# Sawstop blade dust collector.



## Gary Frank Martin (Jul 26, 2018)

Ok, here we go with another dust collector horror story. Some hoses are sold by ID and others by OD. I have a SAWSTOP that I want to connect the dust collector at saw blade collector port. I bought a 4x 2.5 inch Y for my dust :sad2:collector. Of course the saw blade outlet is nowhere near 2.5". If this plays out like it always does none of the hoses or adapters that I own will work and I have many. Can anyone give me specific part numbers for this setup before start?
:sad2:


----------



## hawkeye10 (Feb 18, 2015)

Gary look here for help. Some of these fittings have rubber on one end so they will hook up to odd fittings.

http://www.rockler.com/dust-collection/dust-collection-fittings

http://www.rockler.com/2-1-2-to-2-1-4-conversion-port


----------



## Tool Agnostic (Aug 13, 2017)

If you live near a Rockler store, go there. Bring your exact SawStop model number and whatever fittings you are trying to match.

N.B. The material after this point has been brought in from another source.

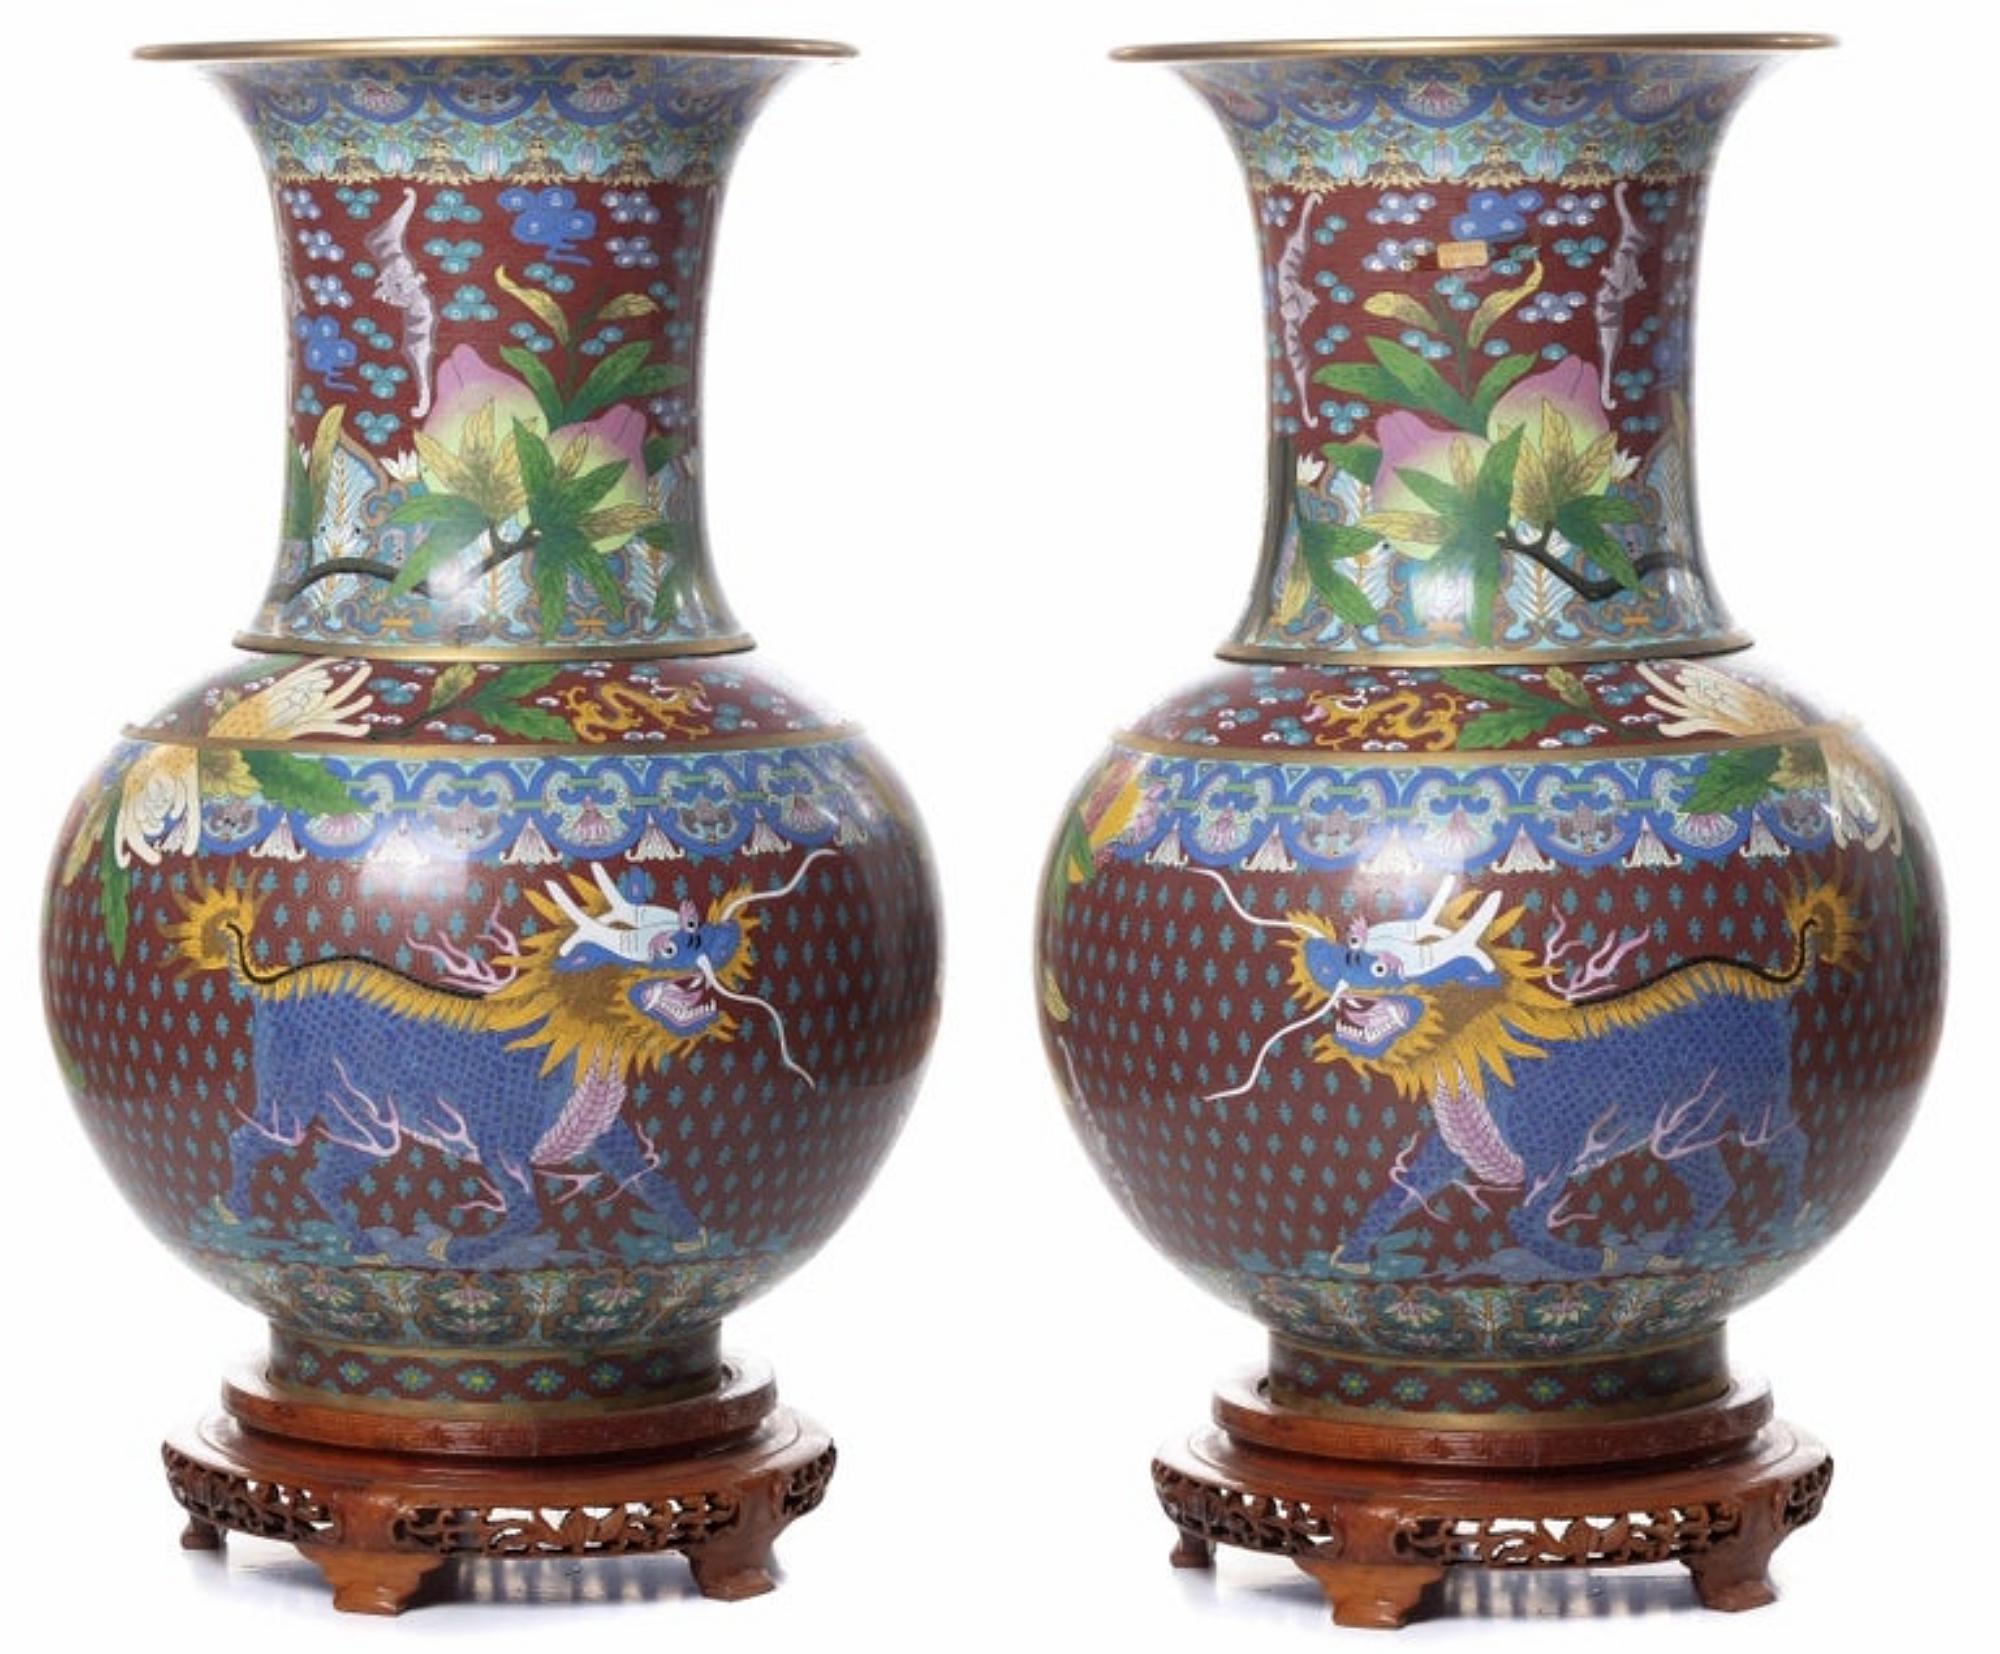 Chinese Export Pair of Jars Chinese Minguo Period '1912-1949'

If a store is inconvenient, call Rockler at 800-279-4441. They have a variety of dust collection parts that will match up with your system. Tell them which model SawStop you have and describe the dust collection fittings that you need to match.

Some dust collection items are on sale until 2 August. This fitting is one of them, and it may be what you need for the blade guard dust collector:

http://www.rockler.com/dust-right-universal-small-port-hose-kit


----------